**Problem description**:
Please retype the listing exactly as it appears, skipping each picture.
Segment Start: Raw data
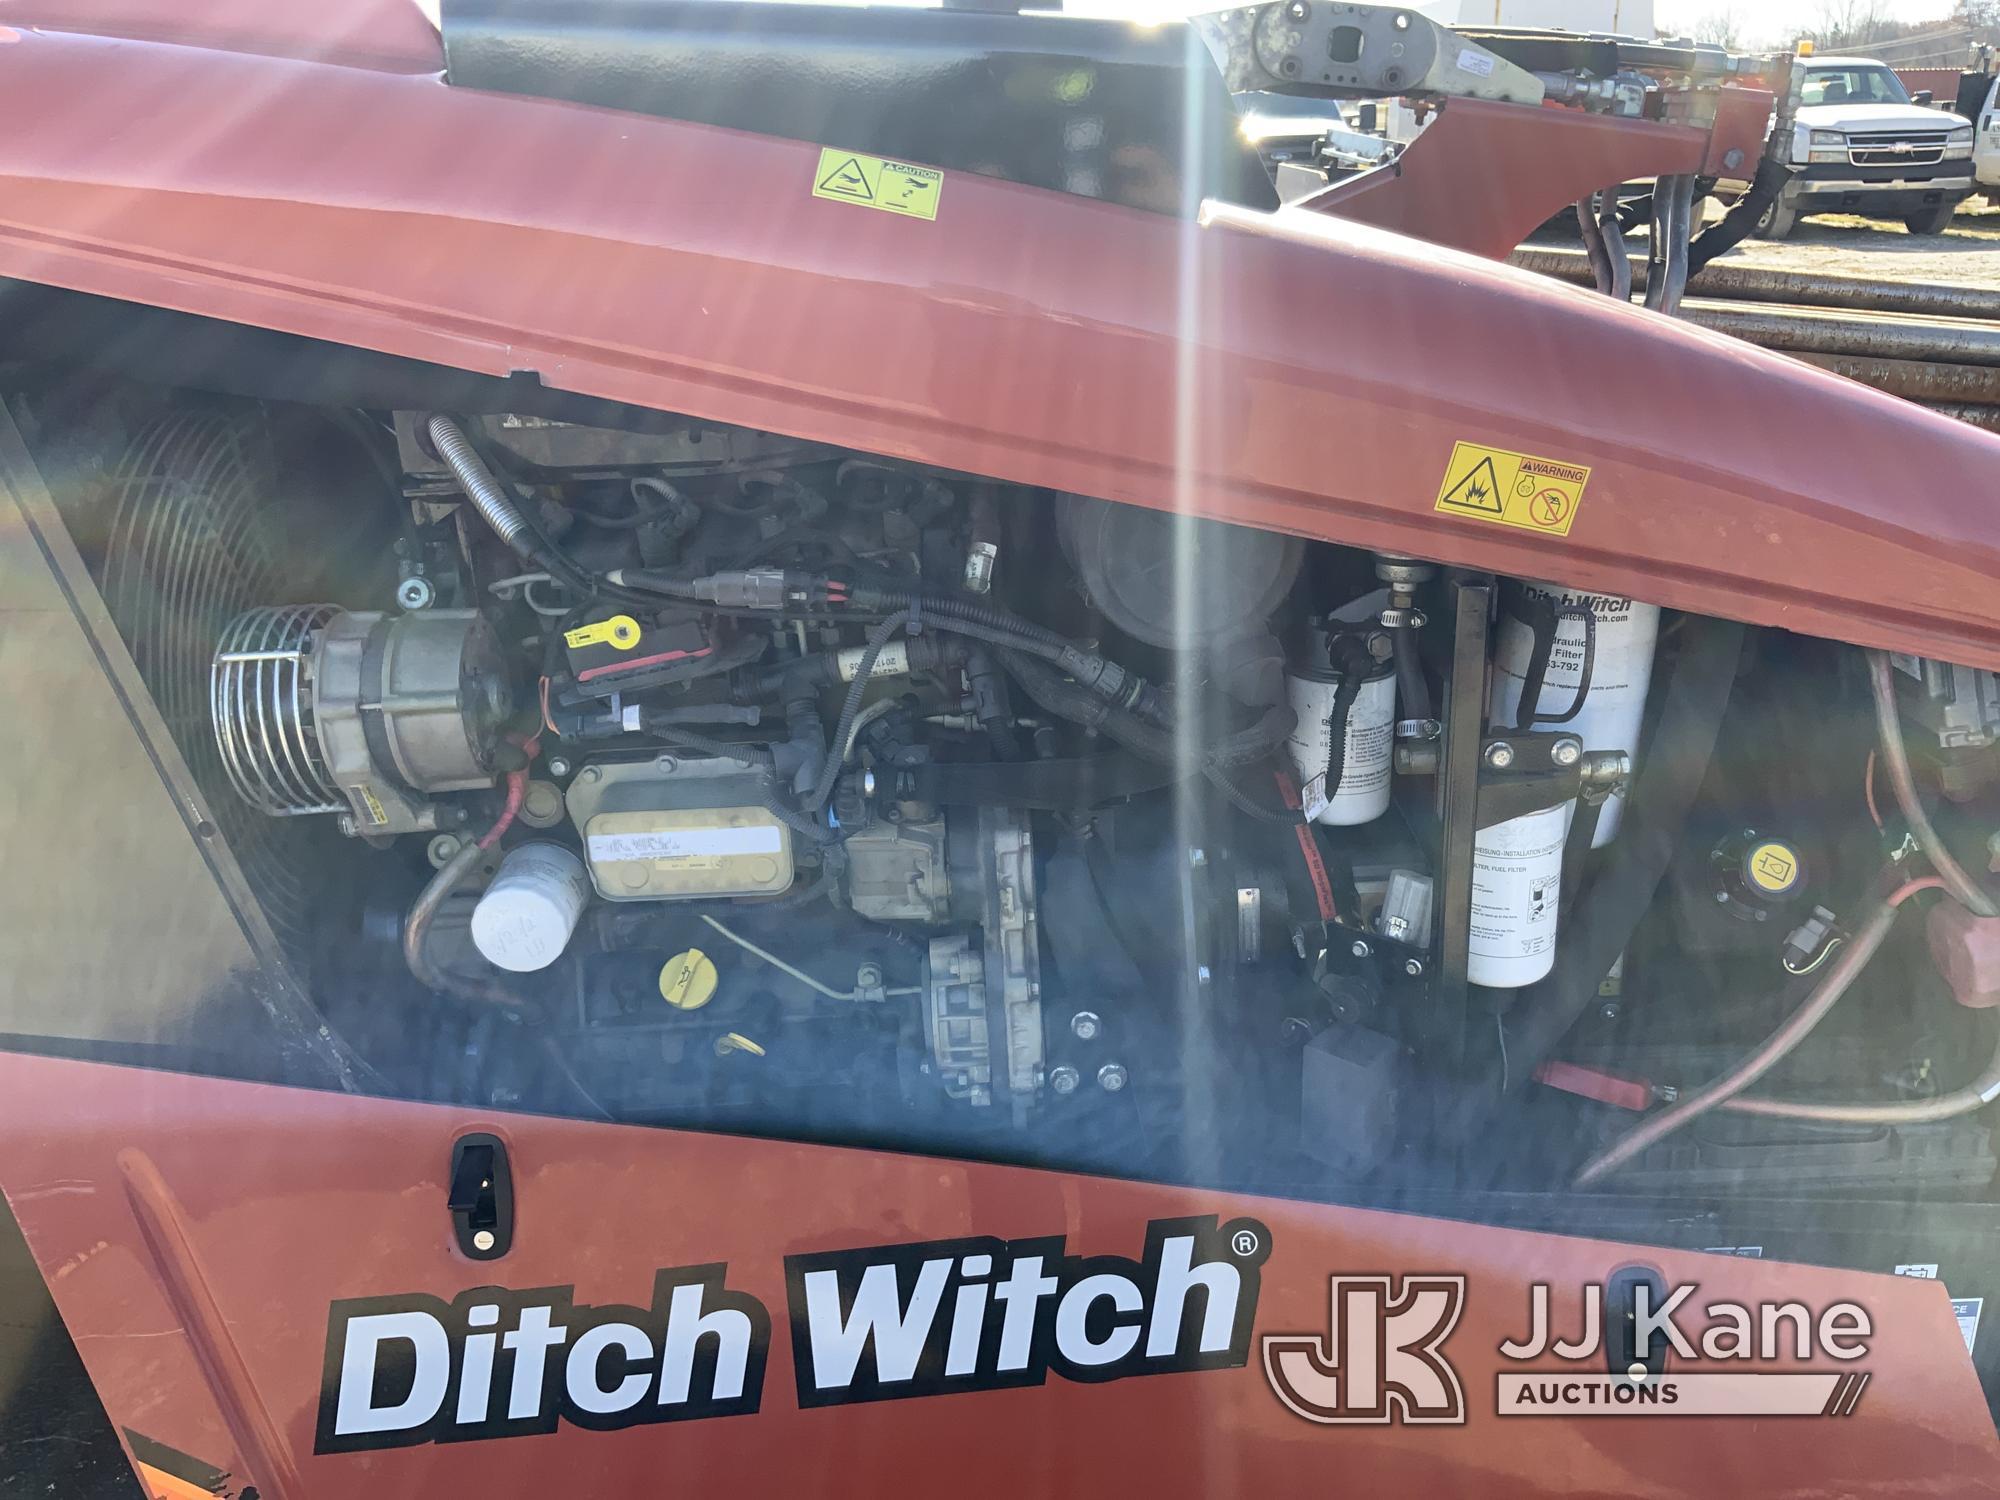 (Charlotte, MI) 2019 Ditch Witch JT10 Directional Boring Machine Runs, Moves
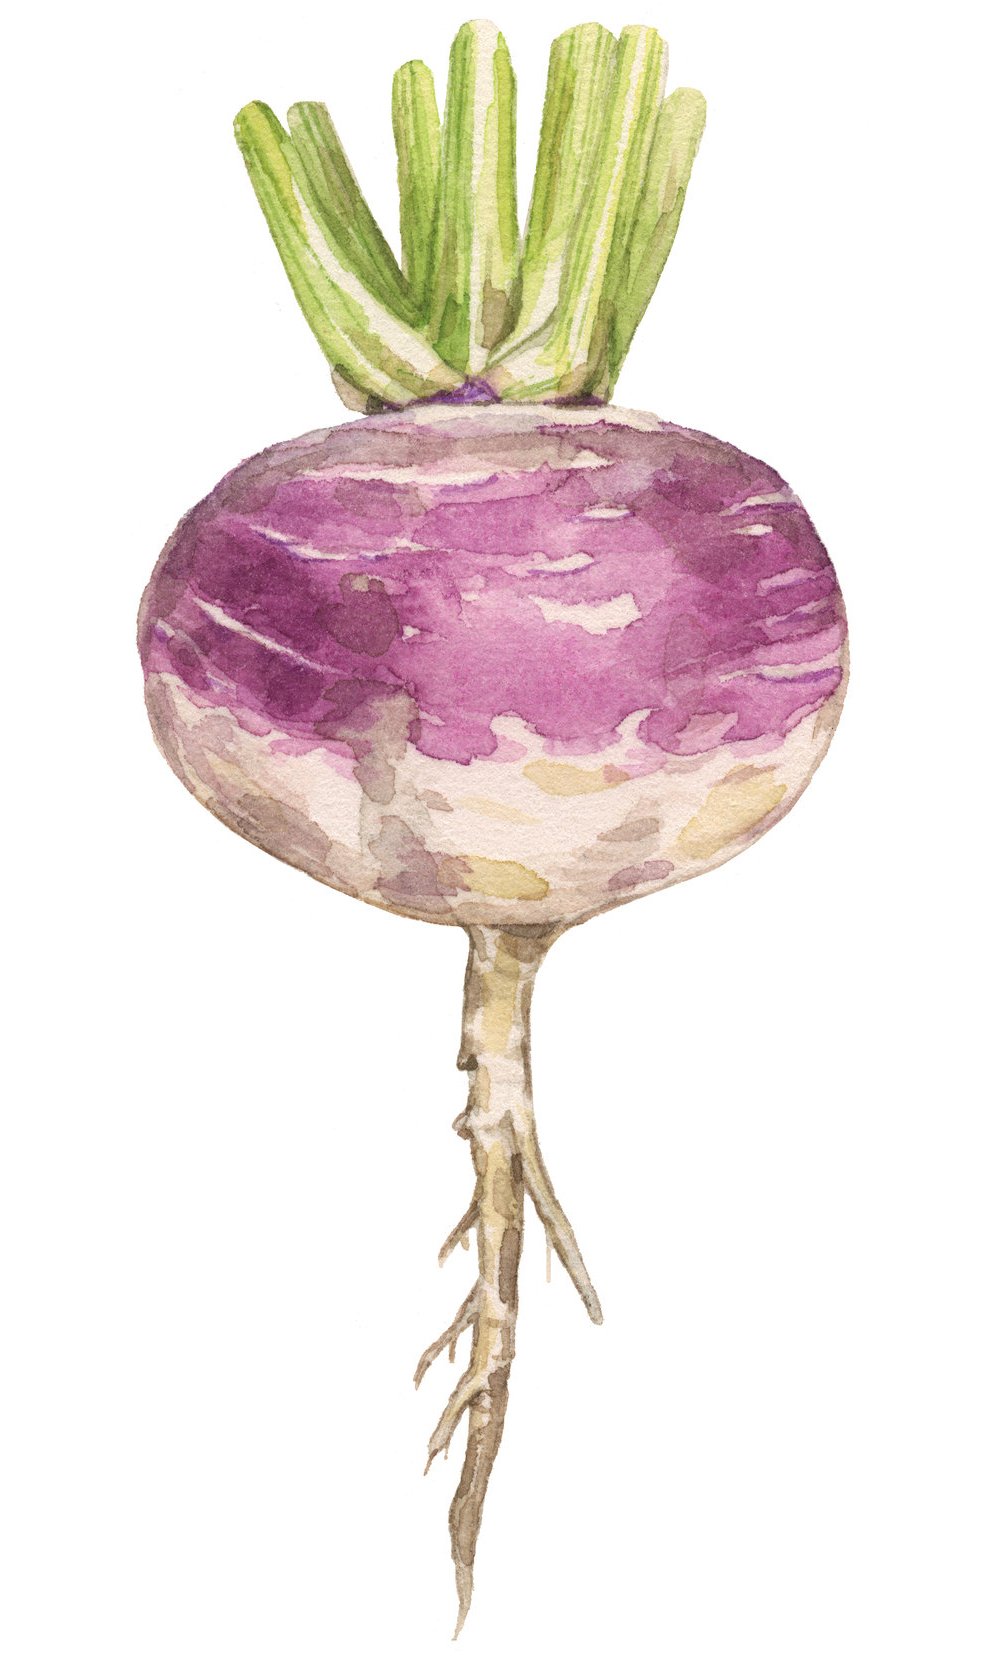 39-late-turnip-lrg.jpg
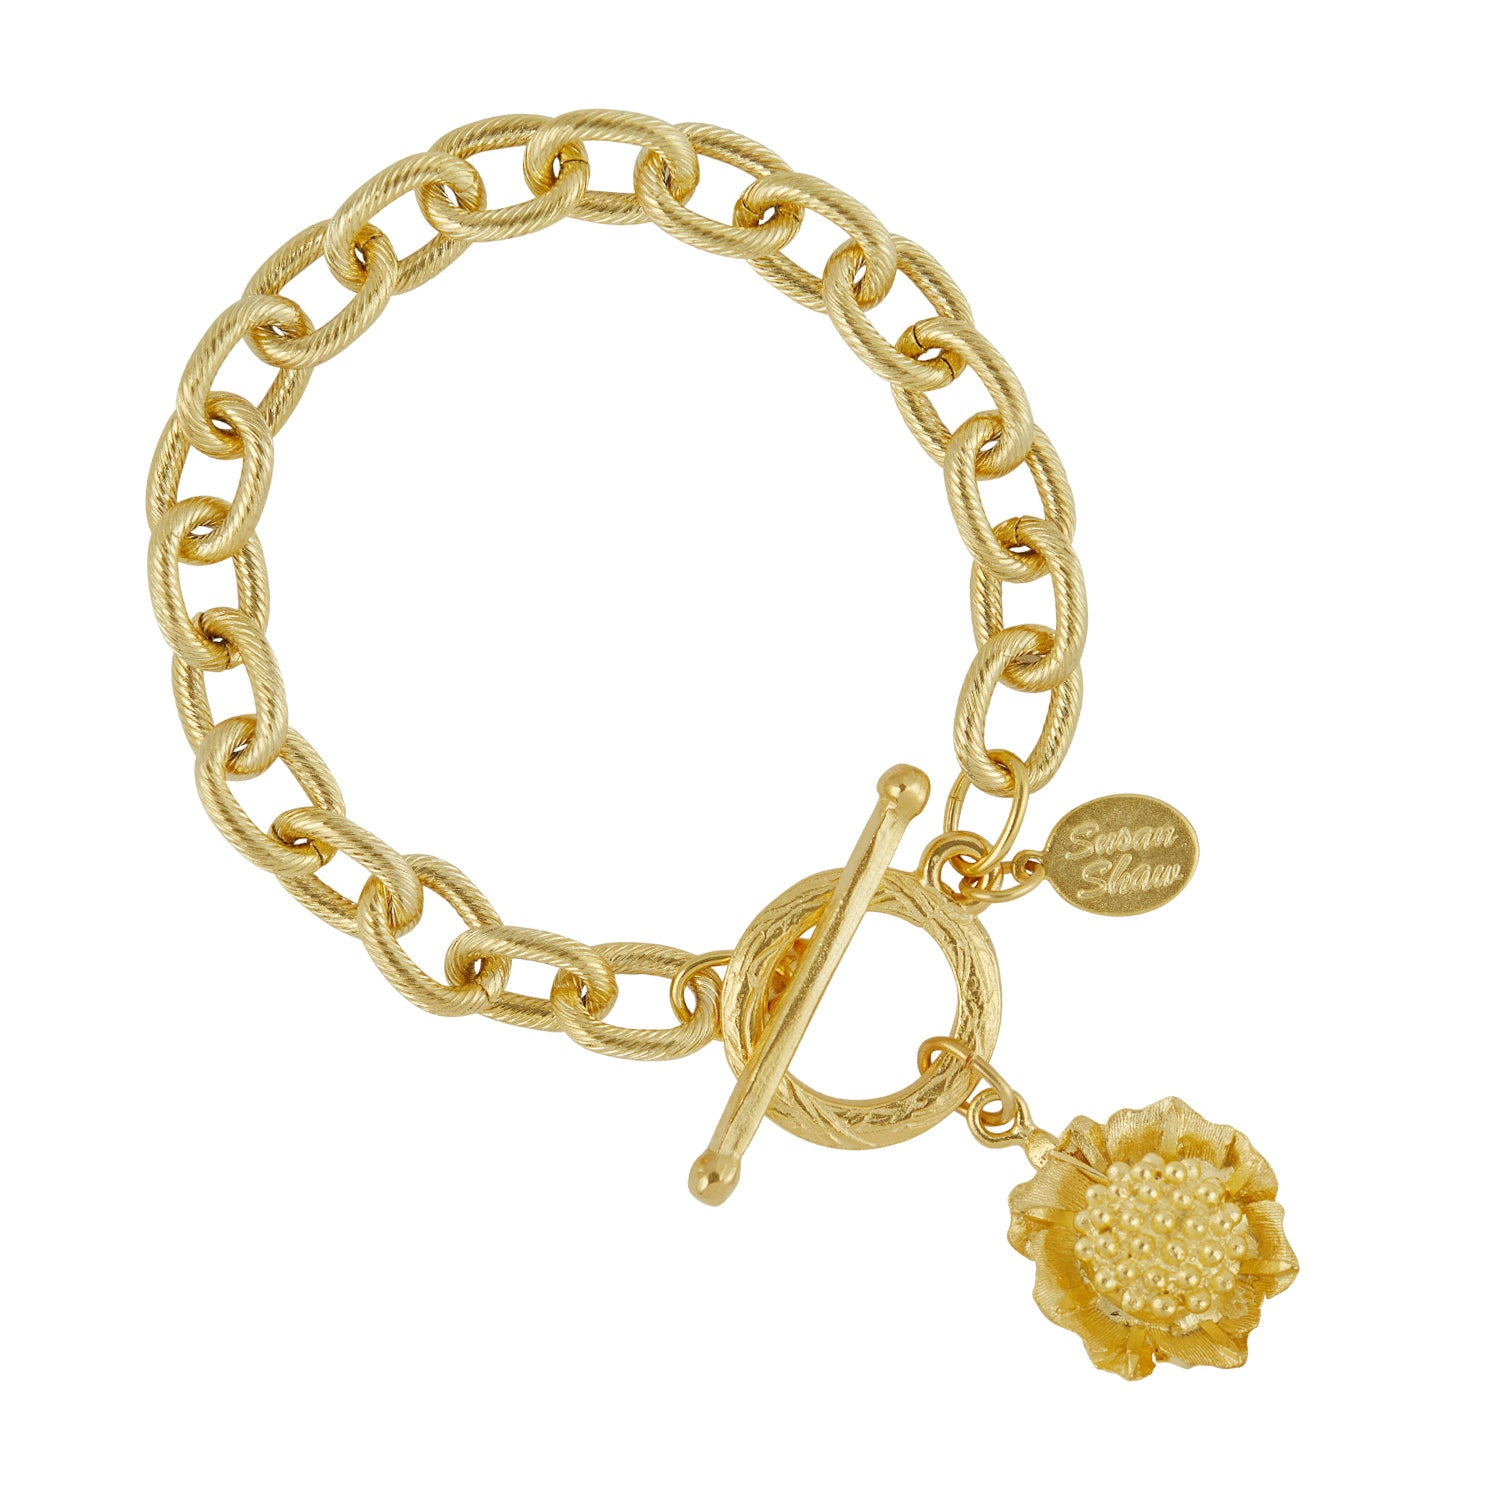 Susan Shaw Camellia Chain Toggle Bracelet
Segment End: Raw data
**Solution to this task**:
 (Charlotte, MI) 2019 Ditch Witch JT10 Directional Boring Machine Runs, Moves
 39-late-turnip-lrg.jpg
 Susan Shaw Camellia Chain Toggle Bracelet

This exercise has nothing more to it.